Anniversary Advent 2022 | Dishonored - The Streets Dunwall Ten Years Later

Anniversary Advent 2022 | Dishonored - The Streets Dunwall Ten Years Later

I don’t think I’ll get my own squad after what happened last night.

It’s been a decade since Dishonored scurried out of Arkane Studios and into our hearts, and it still tops many people’s personal favourite game list to this day. It offered a dose of gothic steampunk that just hadn’t been seen in many mainstream games at the time - or since. When you think about it the game really does have everything anyone could ask for; corruption, darkness, disease, swords, messed up magic, and enough rats to turn a person into a puddle of viscera in seconds.

Images proceeding unfortunate events.

Within this beautiful and dangerous world, you play as Corvo Attano, Royal Protector (and lover) to Empress Jessamine Kaldwin, living in comfort at the Royal Palace in the capital city of Dunwall. Well, for the first ten minutes at least, then you become Corvo Attano, fall guy for the assassination of Empress Jessamine Kaldwin as well as a pawn of the uncaring celestial god and bit of a dick, The Outsider. It’s from that pouty floating bastard that you get your cool powers that act as the backbone to Dishonored’s intricate, systemic and yet somehow well-paced gameplay.

You telling me Arkane worked on a cancelled Half-Life project? I don’t believe you…

One of the game’s biggest strengths is how much of Dishonored’s world you get to see during the course of the story. Starting in the gutter (literally) you will travel to royal palaces; snooty aristocratic parties; flooded ruins; working-class pubs and everything in between. Even the most upper-class environments all creak and shudder, hiding disgusting things in the many dark corners of this grim world. Bloodstained sheets covering the bodies of the dead line the streets as the guarded and privileged nobility scoot on by in their full metal electric tram carriages. The moans of the great whales whose oil powers this fragile, uncaring Empire carry across the water. 

The name of the game is choice. The amount of dead bodies you create directly affects the amount of chaos in the world, and this in turn decides how dark the story gets. It’s not the most complex of moral choice systems, but it does affect more than just the ending. The plague ravaging the Isles is only one of the threats to this delicate balance of power. You’ve got the religious zealots over at the Abbey of the Everyman; the victims of the aforementioned plague, known as ‘weepers’; criminal gangs; and the man who framed you in the first place, Lord Regent Hiram Burrows, who looks like your local Tory MP if they murdered the incumbent and then blamed it on the doorman. It’s a testament to the game’s design that it’s perfectly possible to kill every living thing you come across or finish the whole game causing little more than lots of headaches from the shadows. Even the main targets can be dealt with non-lethally (which, in my opinion, can often be fates worse than death).

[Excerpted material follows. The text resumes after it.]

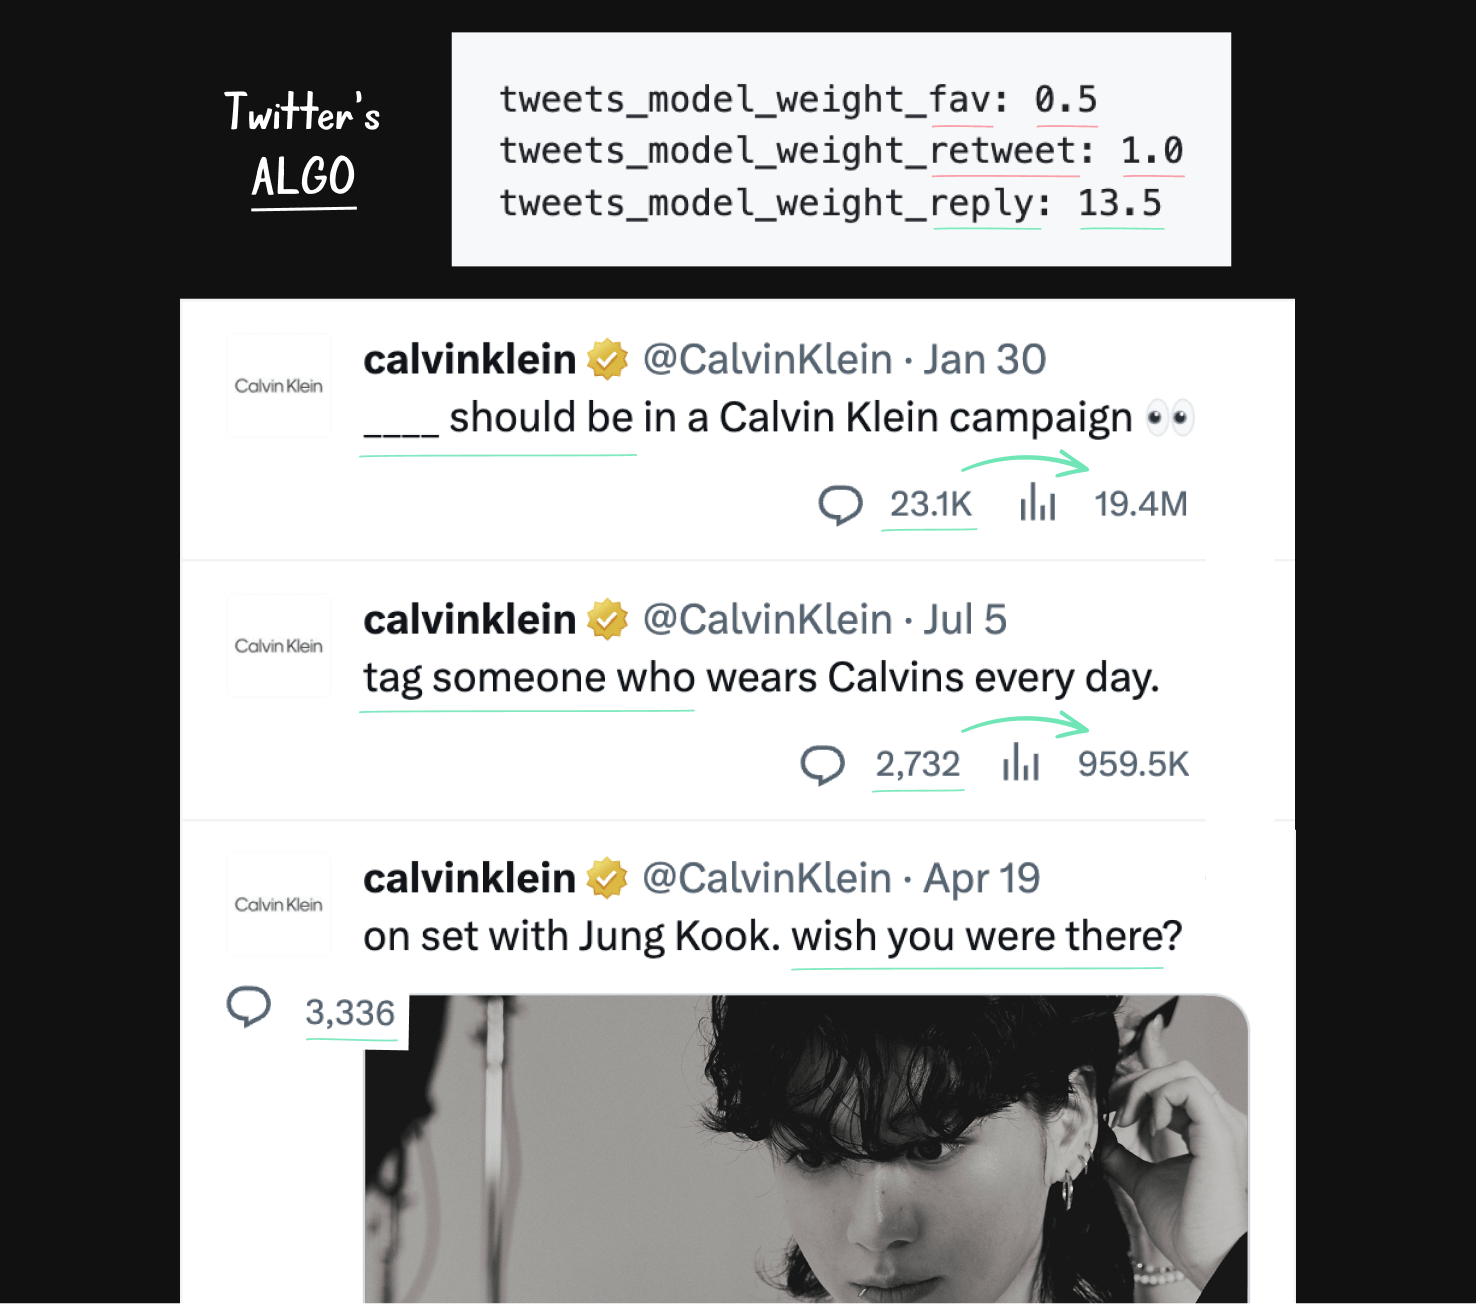 Calvin Klein's Twitter

You can complete the not only without killing anyone but without being seen.

Or you could be cool.

Dishonored set itself apart by being a linear game released during a time when much of the industry ramping up of the open-world sandbox bubble that most AAA games still find themselves within. We had GTA IV four years prior, people were still crying at Red Dead Redemption, and the current omnipresent spectre of GTA Online was still a year away. Everything about Dishonored, from its art style to its level design, harkened back to the days of PC imersive sims like Deus Ex and Thief, which is also where Arkane got the basis for Dishonored’s stealth mechanics. Mostly playing on light and shadow, and lots of guards investigating noises that surely must just be rats?

The story itself is sometimes seen as a sticking point, even among fans; you deal with what’s been established as the main villain just over halfway through, and the steam goes out of it over the next few chapters. But when Dishonored hits the mark, it’s one of the most absorbing examples of modern gaming out there. I still, to this day, remember watching the E3 reveal (remember E3?) and how…different it looked (bear in mind I was about 11 at the time). And while the differences between ‘low’ and ‘high’ chaos are pretty much completely binary, the effect on the world is just nuanced enough to be more than an inFamous-style “press this button to be a bastard” system. 

Dishonored’s world is so goddamn brilliant to me that replaying is never a chore. The pace of superpower acquisition is near perfect, especially if you’re aiming for a pacifist run. You’re never screwed if you don’t have the upgraded version of power X, things are just marginally easier if you do have it. There are so many books and letters to read, to flesh out this crumbling empire world and people slowly dying in it, sometimes these bits of side story take the form of complete tales, and sometimes just scratching the surface of a place that feels endlessly deep. 

Don’t worry honey, those guards are just dancing with those cute rodents… Dancing in pools of their own blood.

So go, gather with whisky and cigars (I know, I’m a chronic asthmatic who doesn’t like whisky, shut up), and relive Dishonored on its tenth birthday. Be immersed in a world where it’s really hard to resist becoming a serial killer and see what rewards the game will offer you if you can fight temptation. In this case, ‘temptation’ means ‘summoning rats from hell’ to nibble guards to death. Words to live by.